Deployment pipeline including LLM Uncertainty Evaluation
Abstract
Large language models (LLMs) produce outputs with varying levels of uncertainty, and, just as often, varying levels of correctness; making their practical reliability far from guaranteed. To quantify this uncertainty, we systematically evaluate four approaches for confidence estimation in LLM outputs: VCE, MSP, Sample Consistency, and CoCoA (Vashurin et al., 2025). For the evaluation of the approaches, we conduct experiments on four question-answering tasks using a state-of-the-art open-source LLM. Our results show that each uncertainty metric captures a different facet of model confidence and that the hybrid CoCoA approach yields the best reliability overall, improving both calibration and discrimination of correct answers. We discuss the trade-offs of each method and provide recommendations for selecting uncertainty measures in LLM applications.
1. Introduction
LLMs are powerful but not reliably calibrated: high confidence does not always mean high correctness. For safety-critical or user-facing systems, we need well-calibrated confidence so downstream components (or users) can decide when to trust, defer, or verify a model’s output. This project systematically compares four uncertainty methods and reports what works best in practice.
2. Methods
2.1 Evaluated Approaches
- VCE (Variance of Confidence Estimates): Variability of confidence across perturbations/prompts.

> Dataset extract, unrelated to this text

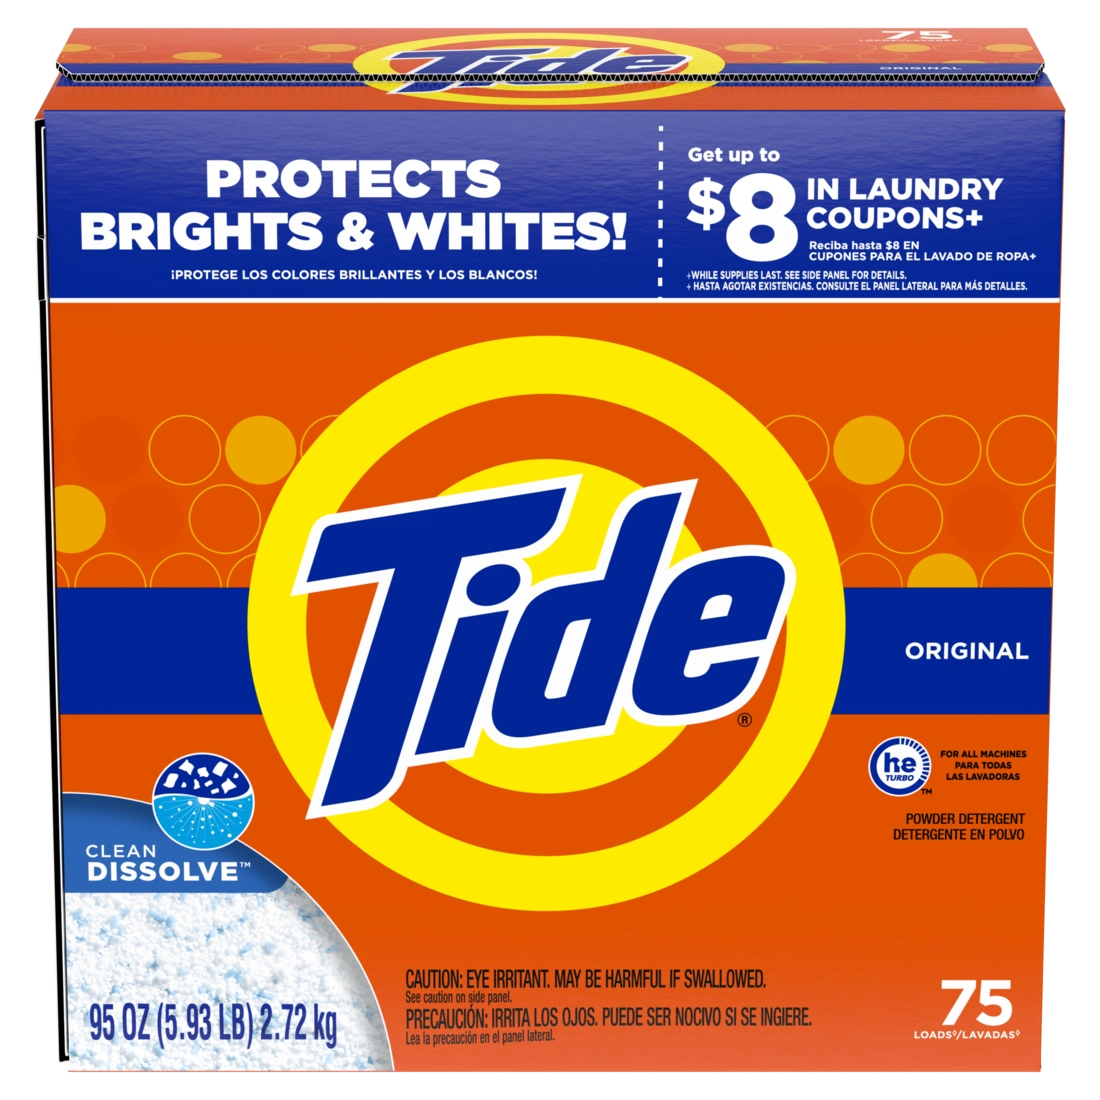 Powder Laundry Detergent product image

- MSP (Maximum Softmax Probability): Uses the model’s top probability as a proxy for confidence.
- Sample Consistency: Measures agreement across sampled generations (e.g., different temperatures/seeds).
- CoCoA (Consensus-Consistency Aggregation): Hybrid method combining agreement signals and confidence scores (Vashurin et al., 2025).
2.2 Tasks and Model
- Tasks: Four question-answering benchmarks.

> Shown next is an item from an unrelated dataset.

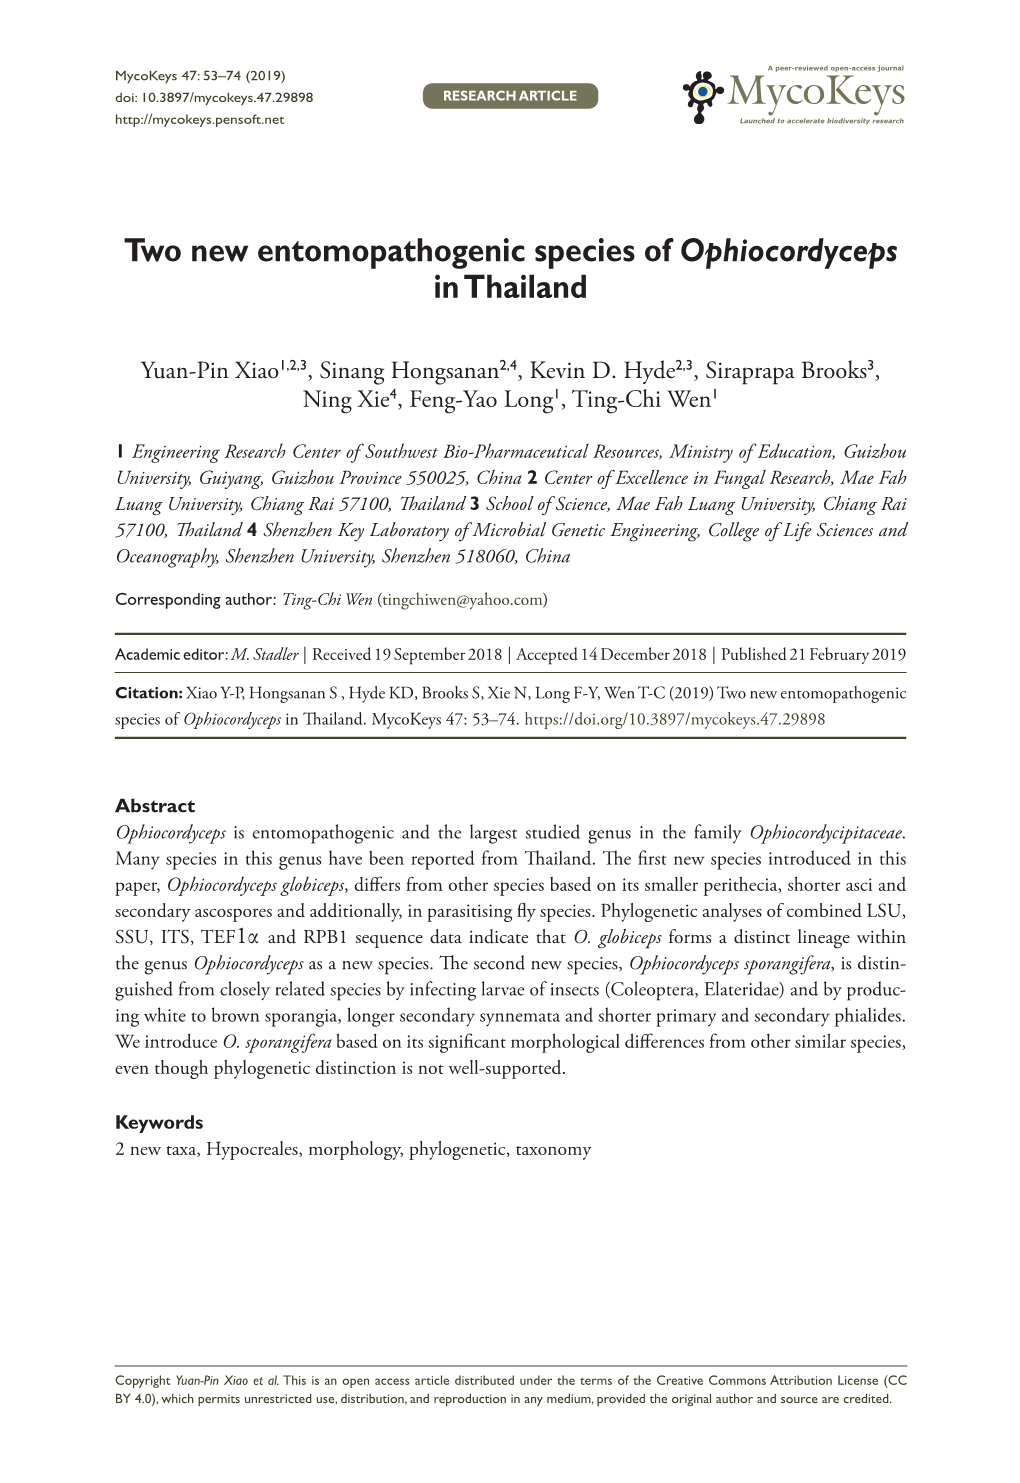 Two New Entomopathogenic Species of Ophiocordyceps in Thailand

- Model: A state-of-the-art open-source LLM evaluated under a unified pipeline (same prompts, decoding settings, and scoring).
2.3 Metrics
- Calibration (e.g., ECE / reliability curves): How well predicted confidence matches empirical accuracy.
- Discrimination (e.g., AUROC for correctness detection): How well a score separates correct vs. incorrect answers.
3. Results
3.1 High-Level Findings
- Each method captures a distinct uncertainty signal:
- MSP is simple and strong but can be over-confident.
- VCE surfaces instability under prompt or sampling changes.
- Sample Consistency reflects agreement across generations.
- CoCoA outperforms others overall, improving both:
- Calibration (confidence aligns better with true accuracy),
- Discrimination (clearer separation of correct vs. incorrect answers).
3.2 Practical Trade-offs
- Cost vs. Accuracy: Methods requiring multiple samples (VCE, Sample Consistency, CoCoA) are more compute-intensive but yield better reliability.
- Simplicity vs. Robustness: MSP is trivial to deploy; CoCoA is more robust but requires orchestration of multiple signals.
4. Recommendations
- If you need a drop-in baseline: Start with MSP; monitor miscalibration and add temperature scaling if possible.
- If you can afford moderate overhead: Add Sample Consistency to catch brittle answers.
- For best reliability: Use CoCoA to combine agreement-based and score-based signals; prioritize it for user-facing or safety-critical deployments.
- Always visualize calibration (reliability plots) and track a correctness AUROC to ensure your uncertainty signal is meaningful.
5. Conclusion
Reliable LLM systems hinge on trustworthy confidence estimates. Our experiments show that while single-signal methods (MSP, VCE, Sample Consistency) provide useful but partial views, the hybrid CoCoA approach achieves the best overall reliability by combining signals. Teams should select a method that matches their latency/compute budget and risk profile, with CoCoA as the preferred option when reliability matters most.
Reference: Vashurin, R., Goloburda, M., Ilina, A., Rubashevskii, A., Nakov, P., Shelmanov, A., & Panov, M. (2025). Uncertainty Quantification for LLMs through Minimum Bayes Risk: Bridging Confidence and Consistency. arXiv preprint arXiv:2502.04964.